Struggling to choose between consider.ly and NVivo? Both products offer unique advantages, making it a tough decision.
consider.ly is a Business & Commerce solution with tags like feedback, research, surveys, interviews, analytics.
It boasts features such as Create surveys to collect quantitative feedback, Conduct 1-on-1 interviews to gather qualitative insights, Collect NPS scores to measure customer satisfaction, Analyze results and feedback to inform product decisions, Integrations with tools like Slack, Jira, etc, Customizable and branded surveys, Schedule and automate surveys and pros including Easy to create and send surveys, In-depth qualitative feedback from interviews, Quantitative data from surveys, Powerful analytics and reporting, Integrates with existing workflows, Customizable and on-brand.
On the other hand, NVivo is a Office & Productivity product tagged with qualitative-analysis, coding, transcription, interviews.
Its standout features include Import and analyze text, audio, video, emails, images, spreadsheets, Code and find themes in qualitative data, Annotate and highlight important passages, Visualize data through charts, maps and models, Collaborate with team members, Integrates with statistical analysis tools like R and Python, and it shines with pros like Powerful tools for qualitative analysis, Flexible importing and visualization, Collaboration features, Integrates with other analysis tools.
To help you make an informed decision, we've compiled a comprehensive comparison of these two products, delving into their features, pros, cons, pricing, and more. Get ready to explore the nuances that set them apart and determine which one is the perfect fit for your requirements.

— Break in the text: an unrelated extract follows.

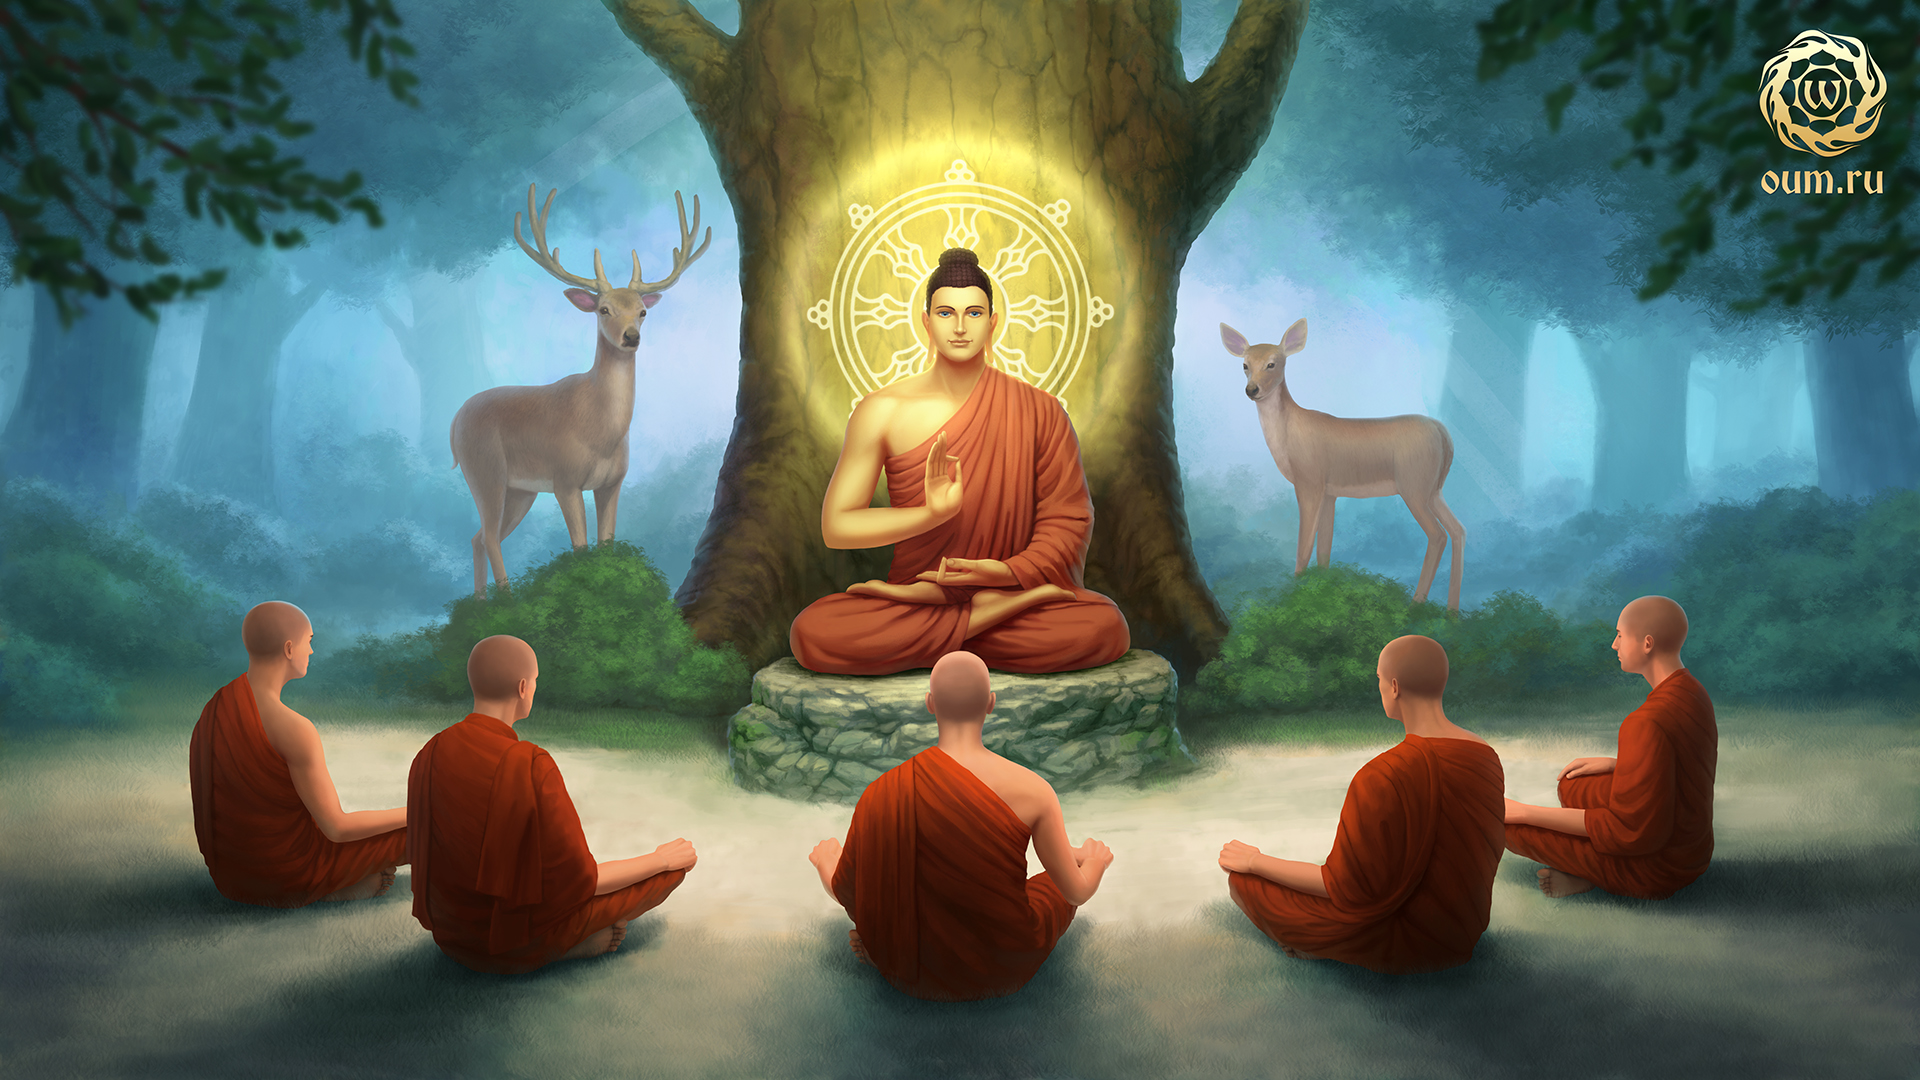 Духовная индия. Будда Гаутама и Будда Шакьямуни. Учение Будды Шакьямуни. Сиддхартха Гаутама под деревом. Будда Шакьямуни с учениками.

consider.ly is a feedback and product research platform that allows product teams to collect insights from customers and users. It provides features to create surveys, conduct 1-on-1 interviews, collect NPS feedback, and analyze results to inform product decisions.
NVivo is qualitative data analysis software used by researchers to organize, analyze and find insights in non-numerical or unstructured data like interviews, open-ended survey responses, articles, social media and web content. It allows you to import, classify, code and visualize various data types.